To do so required teamwork.  Throughout the funding application and design phase of the Fernbrae Meadows project all aspects of sustainability fell under the microscope. South Lanarkshire Council and Ironside Farrar, their environmental and landscape consultants, were careful in their design and specification requirements to stipulate practices which would support local and regional businesses, whilst still meeting the framework of procurement rules.

They achieved this by a painstaking attention to detail.  For example, by careful specification of the plants used it was possible to include not just generic woodland trees, but Scottish native species. These should thrive in this location and be beneficial to biodiversity goals whilst all the while having been mindful of carbon footprint issues.

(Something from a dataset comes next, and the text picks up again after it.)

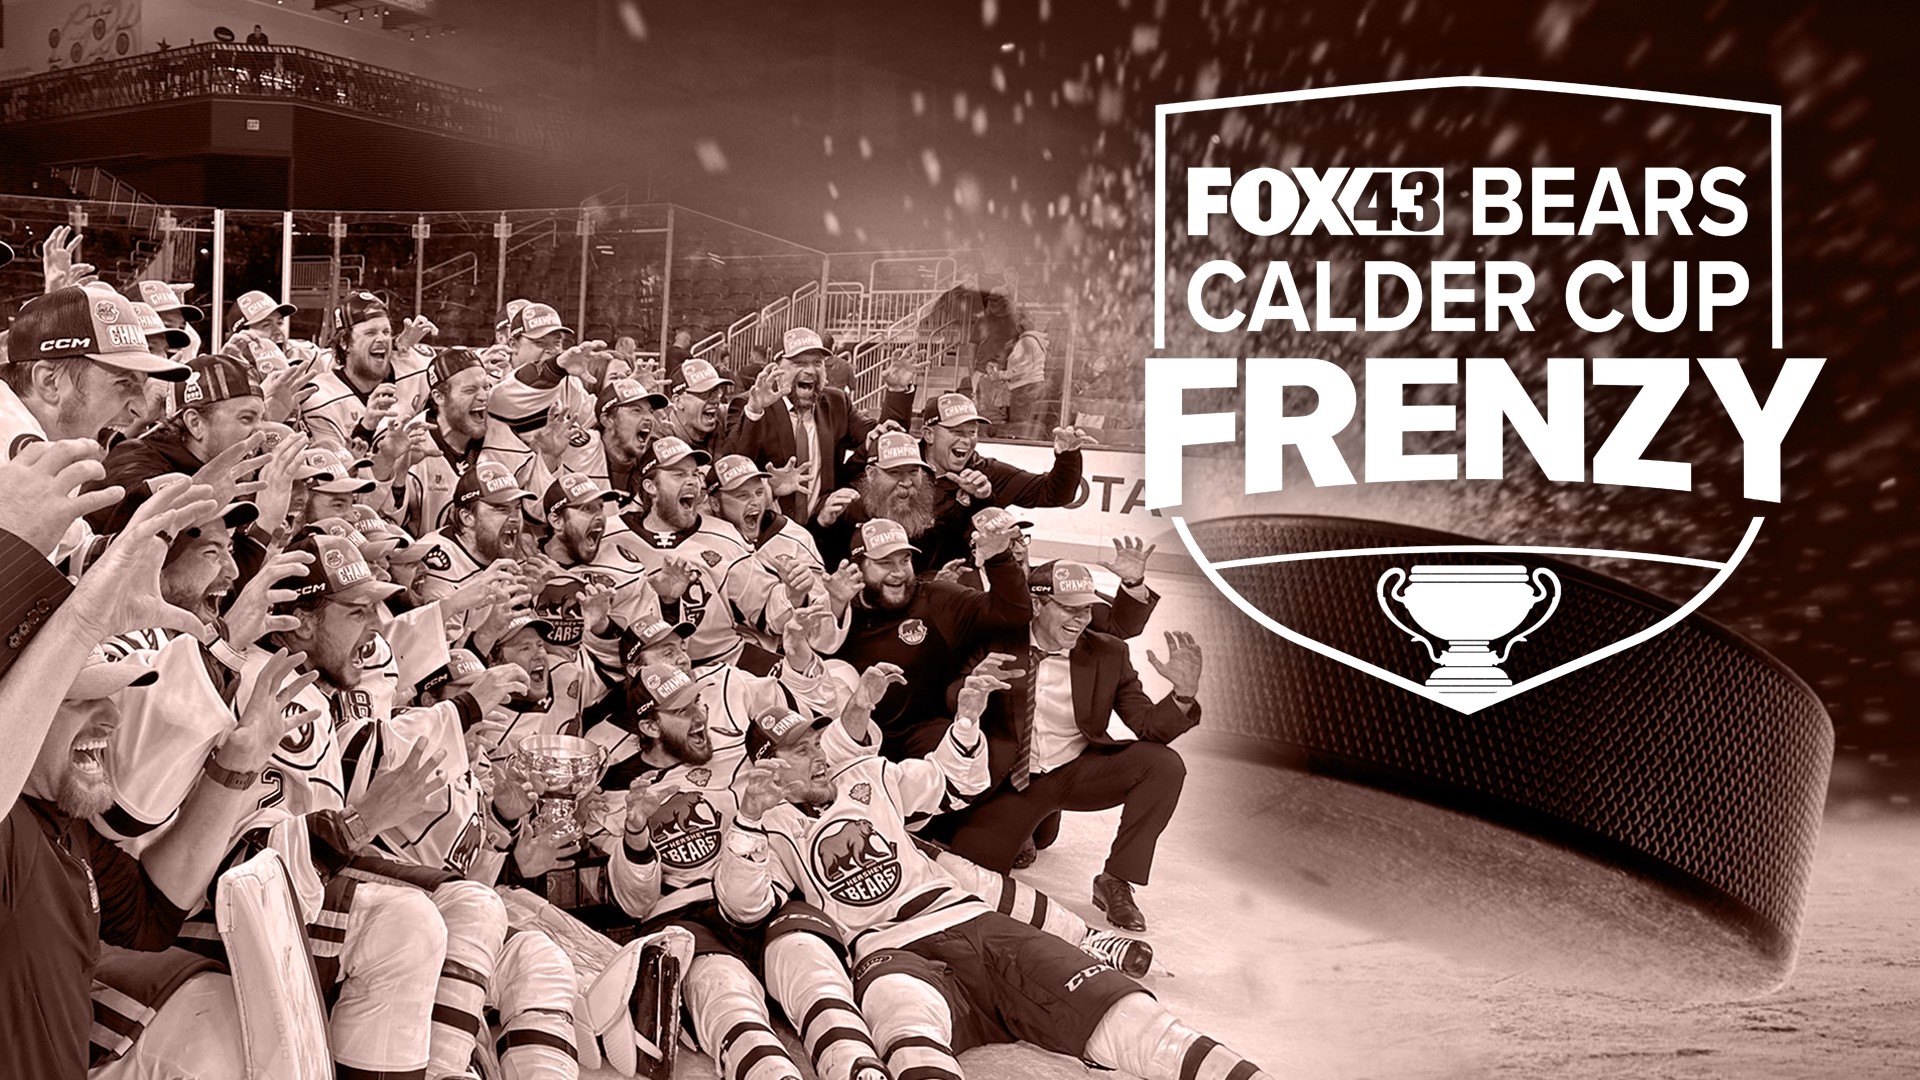 WPMT-FOX43 wins award for outstanding coverage of Hershey Bears fox43

Factors such as exploring the provenance, and availability of local supply and growers, were just some of the pleasing routes the project took.  The conscious decision to avoid large trees and specify plants such as local heritage apple varieties for the new orchard helped meeting sustainability goals.

That same methodical approach served them well in meadow creation too, where using seed mixes that were specific to Scottish conditions, scored well on various levels. Likely to take, likely to thrive, locally sourced, those are the essential hallmarks of delivering good Nature-based Solutions in a sustainable fashion, according to Iain Morrison, Landscape Architect for Ironside Farrar. “Habitat creation associated a former golf course required careful rewilding techniques – disruption of land drains to create wetlands – movement of soils to expose sandy former drainage areas that provided us with areas of low fertility, the reforming of a burn with wide banks to achieve a riparian edge all helped to maximise biodiversity within the site. The ability to be able to specify not only appropriate native species but those of a Scottish provenance was beneficial not just to the site but also assists those seed suppliers who are providing an invaluable service by conserving native bio-diversity”.

Even the hard landscaping was a slave to detail. Materials such as Scottish larch were chosen for boardwalks, and all of the walling stone used was a Scottish whin – which was a particularly wise choice as it allowed Ironside Farrar to specify materials, not just associated with the geology of the site but from responsibly operated quarry facilities within 15 miles. This was supplemented with the sourcing of reclaimed local setts and feature paving from Caithness. Iain designed stainless steel inlaid viewpoint markers for the Caithness slabs which further helps support skills and investment in technology in rural locations.

That might seem like a small detail, but it helps support the stone industry in Scotland. The supplier was able to produce the very attractive paving and walling material without incurring any significant transport footprint. Other bespoke or specialist elements were quick to support local skilled labour. Existing  posts on site were not only refurbished but used as a cast, with the help of a local blacksmith, to ensure that the rather neat black estate fencing that fringes Fernbrae Meadows re-established the site heritage whilst creating a strong sense of place.

Overall the design included items that were more dependent on skilled labour than plant – a fact which everyone would be quick to highlight both supports immediate employment but also provides greater opportunity for sustainable maintenance – including potentially community-based works. The concept encourages locally focused interventions within the site in the forthcoming years.

They say that “a picture paints a thousand words”. When Iain Morrison recently sent me a picture of a dumper truck in Carluke it didn’t immediately dawn on me just what his picture revealed. However, the story was about the driver – Kyle. He lived in the community next-door to Fernbrae Meadows and was taken on by Caley construction as a 16 year old apprentice when the project began in earnest. Now over two years later Iain’s picture showed that Kyle still works for Caley. In a nutshell Kyle’s story reveals a very long reaching benefits that adopting a sustainable mind-set can deliver.

We won’t know if Fenbrae Meadows won SURF’s ‘most improved space’ award until February 2021. But in delivering this regeneration project in a sustainable fashion many would argue it is already a winner.